I give you "How Tree Records Post Marked Stamps Singles Explain The Likely Rookie-Sophomore Game Starters."  And since there were only nine records, I'll throw in the Charles Bronson/Ice Nine split 7" too!

Rookies
  • Blake Griffin / Postmarked Stamps #4: "Illinois Statehood" featuring Braid "Forever Got Shorter" and The Get Up Kids "I'm a Loner Dottie, A Rebel." Unquestionably the best record in the series, I give this one to Blake Griffin, who's unquestionably the best player in the game. Like The Get Up Kids, Blake's probably destined to have a great early career followed by a steady slide into disappointment and then possibly an attempt to reinvent himself by playing in a new band that apes The Rentals.
  • DeMarcus Cousins / Postmarked Stamps #3: "Kansas Statehood" featuring Ethel Meserve  "Belated Blues" and Giants Chair "Lost Dauphin." A few teams were probably scared to draft DeMarcus because they feared his work ethic might cause him to spend a lot of time sitting at the end of the bench in a giant chair. Eating M&Ms on TV at the McDonalds All America Game didn't help his case. And just as Ethel Meserve's one of the most underappreciated bands of this era, DeMarcus Cousins has lately been one of the most underappreciated rookies in the league.
  • Landry Fields / Post Marked Stamps #1 "Brooklyn Bridge" featuring Ida "Post Prom Disorder" and the Deadwood Divine "And Where Did I Leave Off." I award the prettiest Post Marked Stamps record to the prettiest member of the rookie squad. Landry's also the NBA player most likely to attend an Ida show at some children's museum... or at least to run into Daniel Littleton in a bookstore while he's getting his read on with teammate Andy Rautins. Rautins might even ask for a Hated tape.
  • Gary Neal / Post Marked Stamps #5 "Project Mercury" featuring Haleah "Fallen Away" and Aspera ad Astra "Black in the Eye." Both of these songs are very efficient at doing what they do: making you bob your head and maybe even dance around in your seat on the bus when they shuffle onto your iPod. Likewise, Gary Neal's steady and efficient play has the Spurs and their fans upbeat about their prospects for another title.
  • John Wall / Post Marked Stamps #9 "The Legend of Sleepy Hollow" featuring Hal al Shedad "Solitaire" and Rainer Maria "Pincushion." I award my favorite record in the series to my favorite rookie in the league. Like Wall, Hal al Shedad's jam is driving, intricate, and multilayered with an excitement throughout that does not disappoint in crunch time (viz., the end of the song).
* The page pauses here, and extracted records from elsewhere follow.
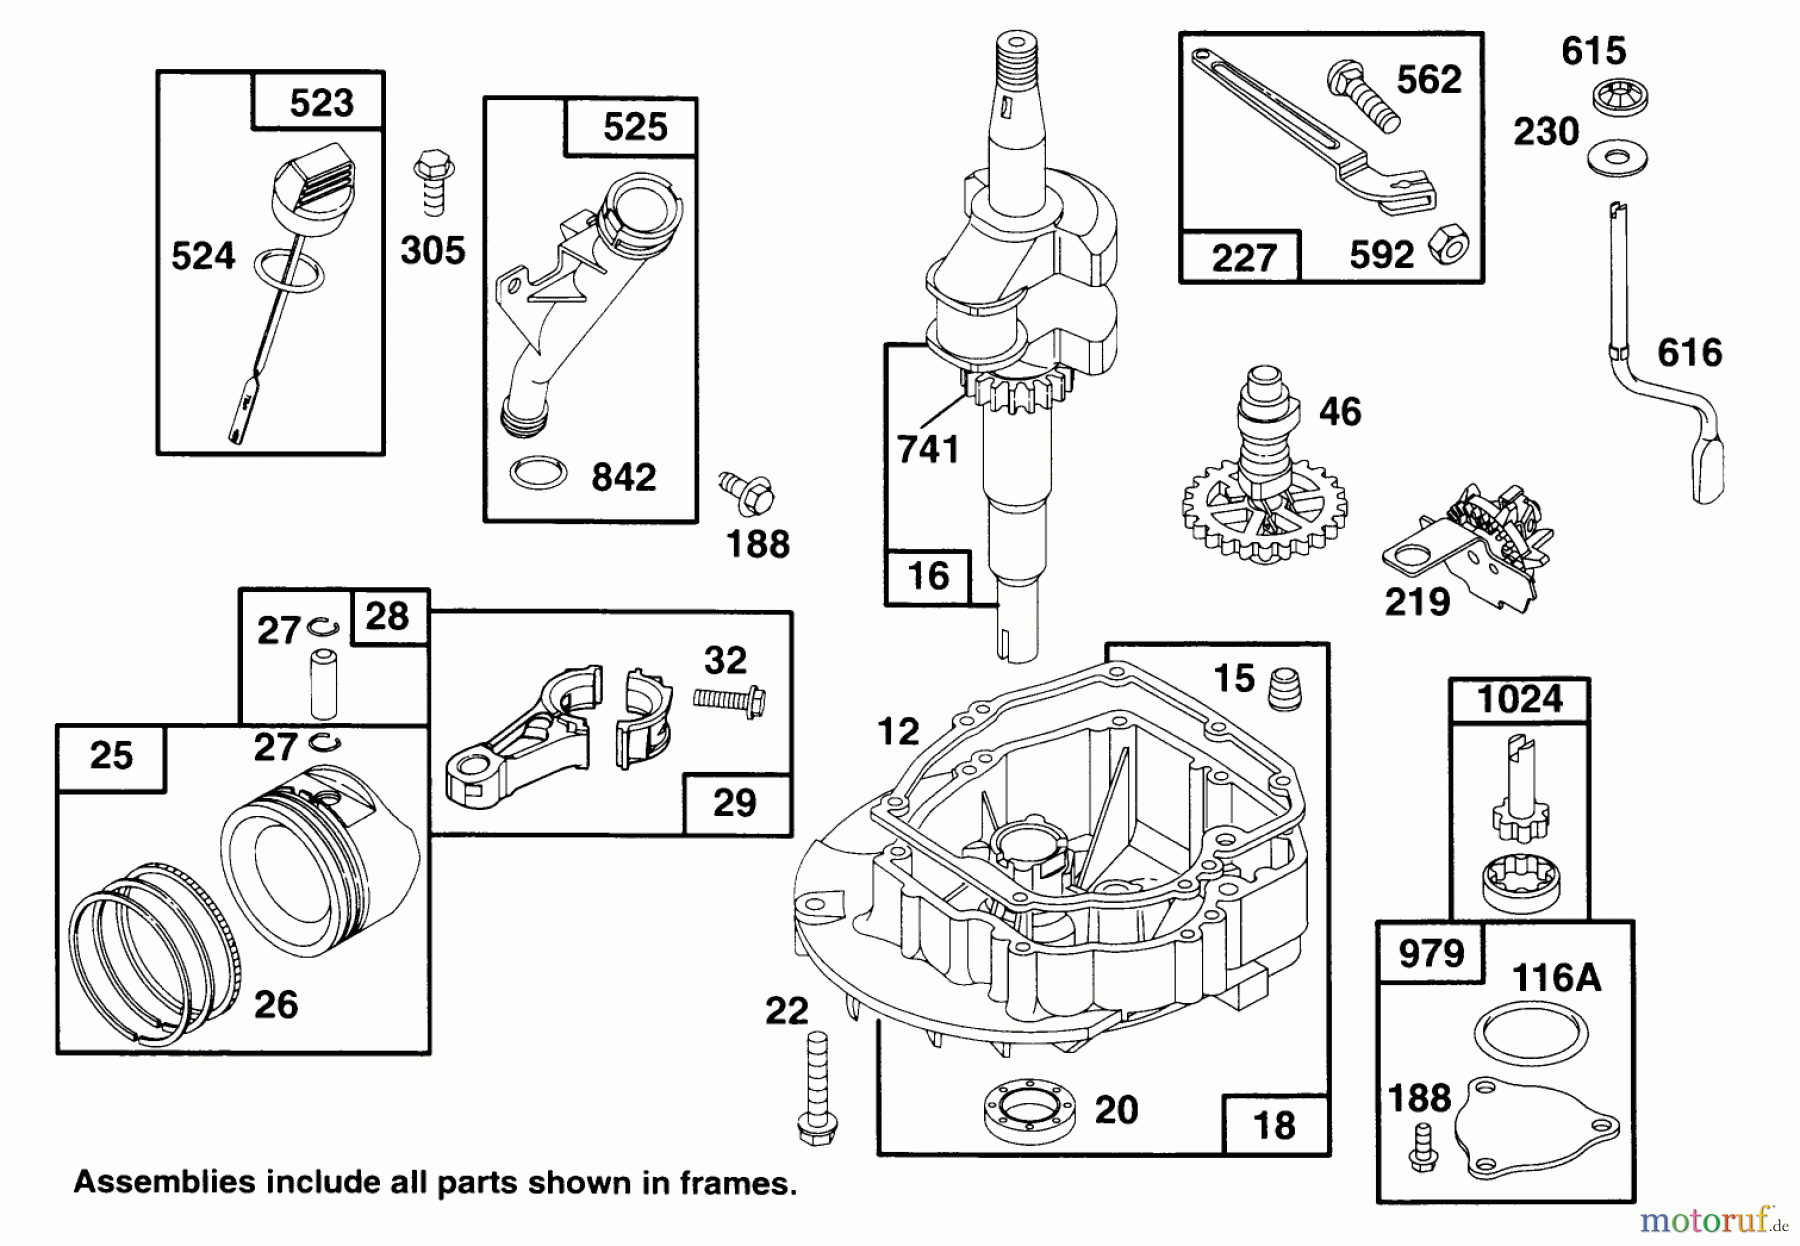  Toro Neu Mowers, Walk-Behind Seite 2 22150 - Toro Lawnmower, 1996 (6900001-6999999) ENGINE GTS 150 #2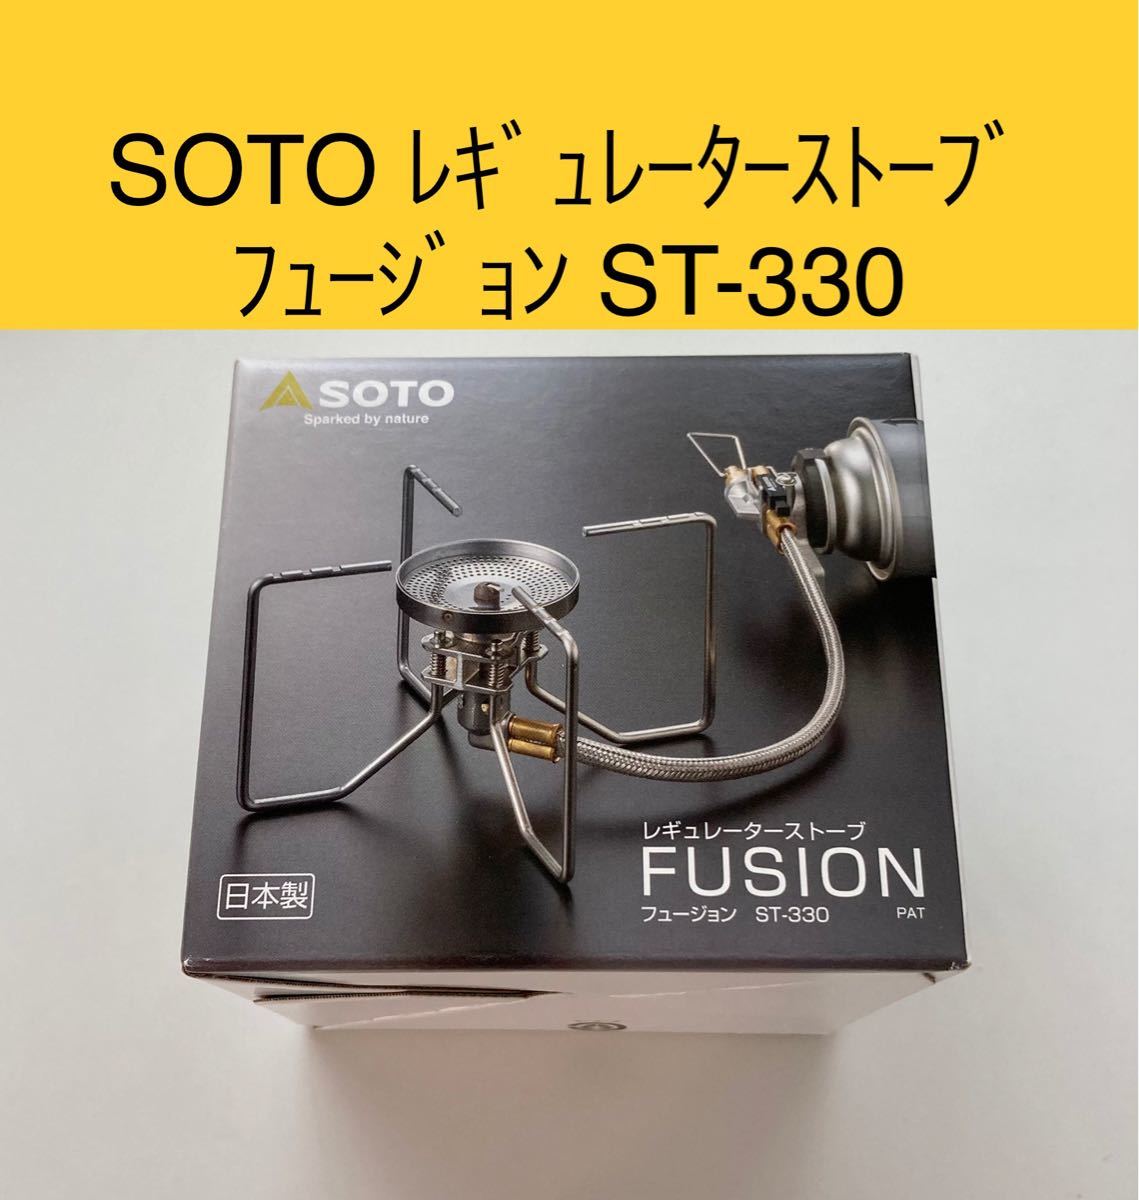 SOTO レギュレーターストーブ フュージョン ST-330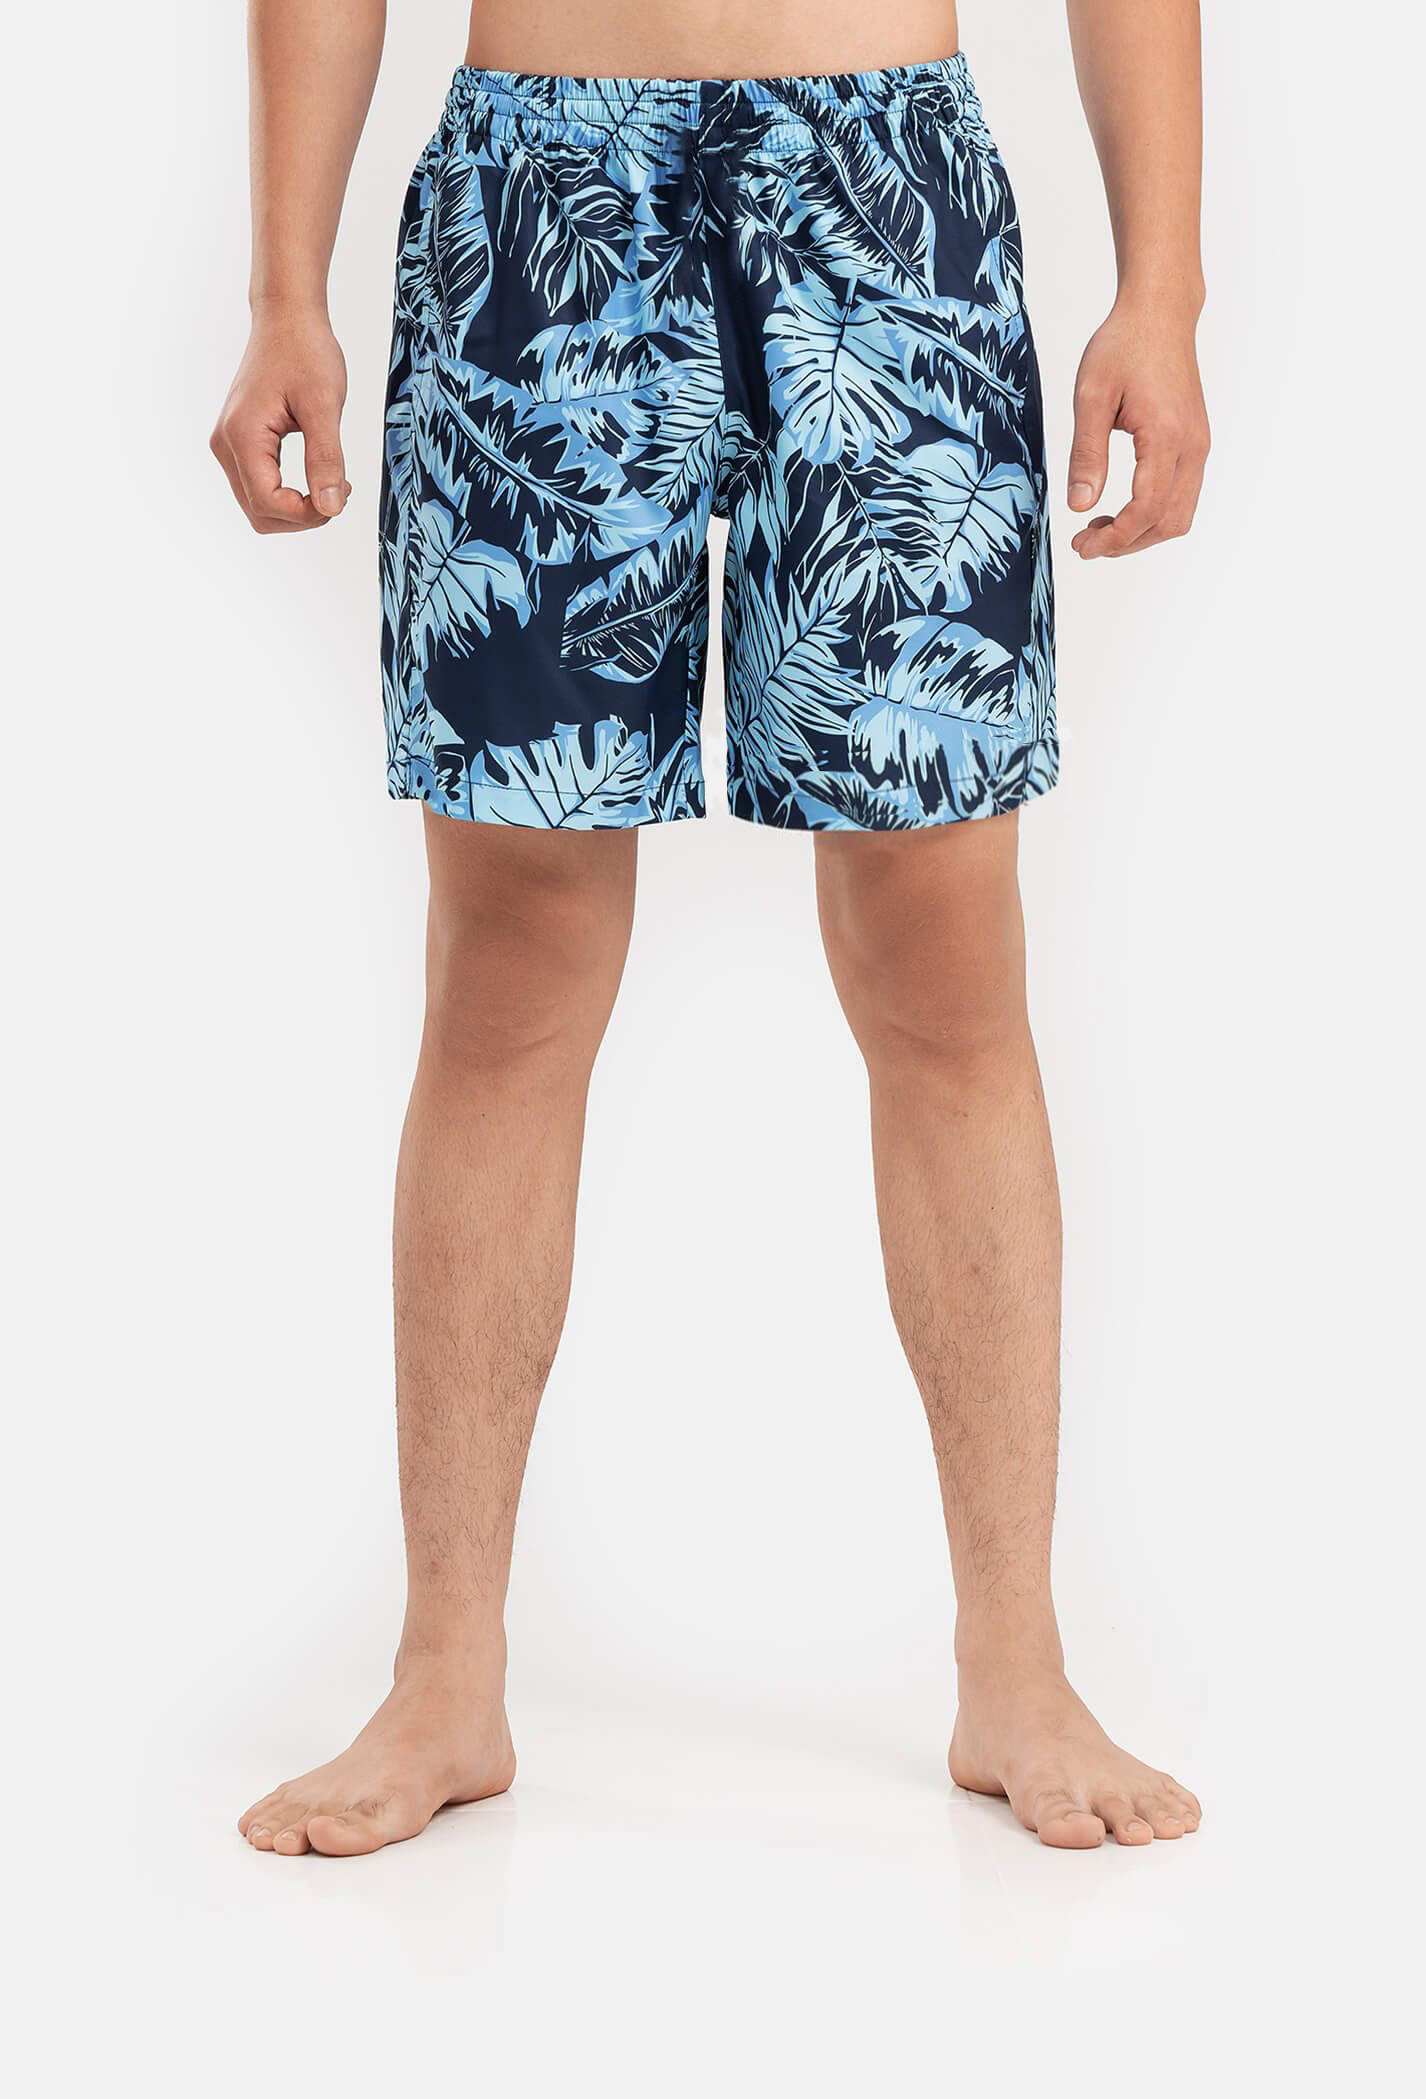 FLASH SALE - Quần shorts nam Classic Beach có túi khoá sau Xanh nhạt

And I once saw the drummer from Rainer Maria do the John Wall dance, right after he wiped all the germs off a public telephone he used outside the Orpheum in Tampa.
Sophomores
  • DeJuan Blair / Post Marked Stamps #8 "Professional Baseball" featuring Sweep the Leg Johnny "Walking Home on the Emergency Bed" and A Minor Forest "Inter Continental Stalker." These are the toughest and most disjointed songs in the whole series. They shouldn't work, but they do... just like Blair's legs. 
  • Steph Curry / Post Marked Stamps #6 "Seattle State Fair" featuring Jen Wood "Sheltering Arms for the Birds" and Tim Kinsella "A Picture Postcard." Both of these songs were mixtape favorites for emo kids otherwise unable to serenade sweetly the objects of their affection. Curry's got a few of his own totally sweet mixtapes on youtube.
  • Brandon Jennings / Post Marked Stamps #2 "Maine Statehood" featuring Cerberus Shoal "A Lighthouse in Athens Part One" and Still Life "Looks Like Tomorrow." Half of this record's very disappointing: the Still Life side. Similarly, Jennings lost half the season due to injury.
  • DeMar Derozan / Charles Bronson/Ice Nine split 7". Charles Bronson was an exciting fastcore band that never really lived up to its potential and produced a lot of really unlistenable material -- just try making it all the way through their discography CD. Derozan's an occasionally exciting player who takes a lot of bad shots. I guess that makes Ice Nine Sonny Weems: the B-side that totally overshadows the A-side.
  • Serge Ibaka / Post Marked Stamps #7 featuring Very Secretary "Nagarkot" and Compound Red "Building." I know I've been exposed to all three of these before, but I can never remember anything about them. 
I dare you to top this, Bethlehem Shoals!

In Brief: The Horror of Cairo, and the Business of Sports Journalism


Whether we would like to admit it or not, Al Jazeera has bested our feeble, profit-minded news networks with their coverage of the revolt in Egypt. When I turned on the TV to see what angle CNN was covering the breaking story with, they were discussing the continuing domestic squabbling in Washington. A host on Fox News was conquering the topic of “anchor babies” with a Republican legislator. It was ghastly.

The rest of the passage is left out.